Reputation: 4926
I have a dataframe
with columns A, B and C.
I want to apply a function on each row of a dataframe
in which a function will check the value of row$A
and row$B
and will update row$C
based on those values.
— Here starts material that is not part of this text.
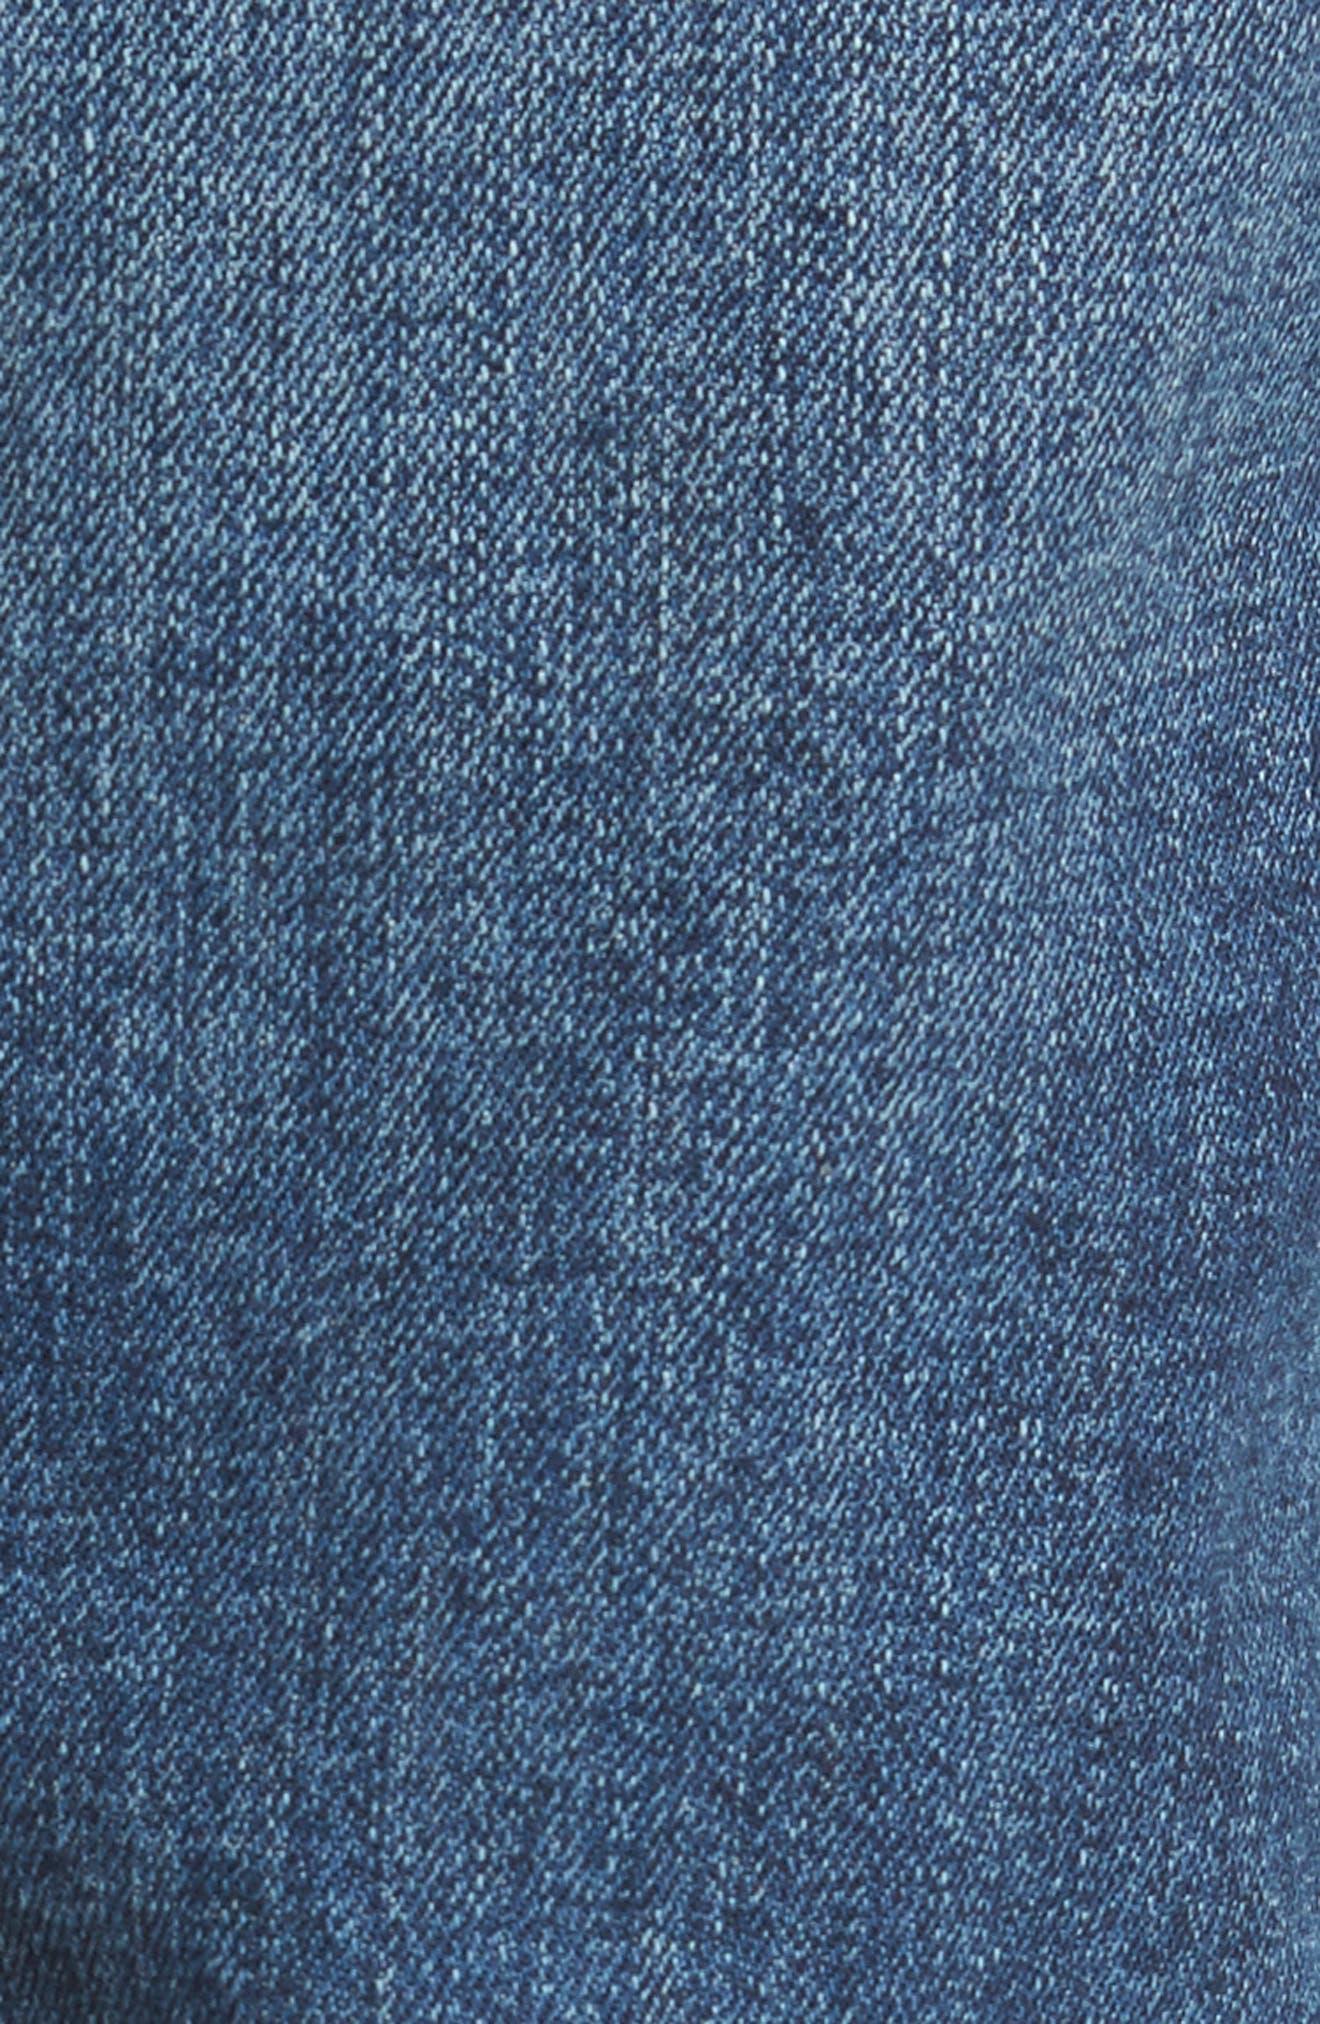 Skinny Fit Jeans,                             Alternate thumbnail 5, color,

How can I achieve that?
Example:
A B C
1 1 10 10
2 2 20 20
3 NA 30 30
4 NA 40 40
5 5 50 50
Now I want to update all rows in C column to B/2 value in that same row if value in A column for that row is NA
.
So the dataframe
after changes would look like:
A B C
1 1 10 10
2 2 20 20
3 NA 30 15
4 NA 40 20
5 5 50 50
I would like to know if this can be done without using a for
loop.
Upvotes: 0
Views: 59
Reputation: 24535
Try:
> ddf$C = with(ddf, ifelse(is.na(A), B/2, C))
>
> ddf
A B C
1 1 10 10
2 2 20 20
3 NA 30 15
4 NA 40 20
5 5 50 50
Upvotes: 0
Reputation: 81683
Another approach:
dat <- transform(dat, C = B / 2 * (i <- is.na(A)) + C * !i)
# A B C
# 1 1 10 10
# 2 2 20 20
# 3 NA 30 15
# 4 NA 40 20
# 5 5 50 50
Upvotes: 0
Reputation: 92282
Or if you want to update the column by reference (without copying the whole data set when updating the column) could also try data.table
library(data.table)
setDT(dat)[is.na(A), C := B/2]
dat
# A B C
# 1: 1 10 10
# 2: 2 20 20
# 3: NA 30 15
# 4: NA 40 20
# 5: 5 50 50
Edit: Regarding @aruns comment, checking the address before and after the change implies it was updated by reference still.
library(pryr)
address(dat$C)
## [1] "0x2f85a4f0"
setDT(dat)[is.na(A), C := B/2]
address(dat$C)
## [1] "0x2f85a4f0"
Upvotes: 2
Reputation: 506
here is simple example using library(dplyr)
.
Fictional dataset:
df <- data.frame(a=c(1, NA, NA, 2), b=c(10, 20, 50, 50))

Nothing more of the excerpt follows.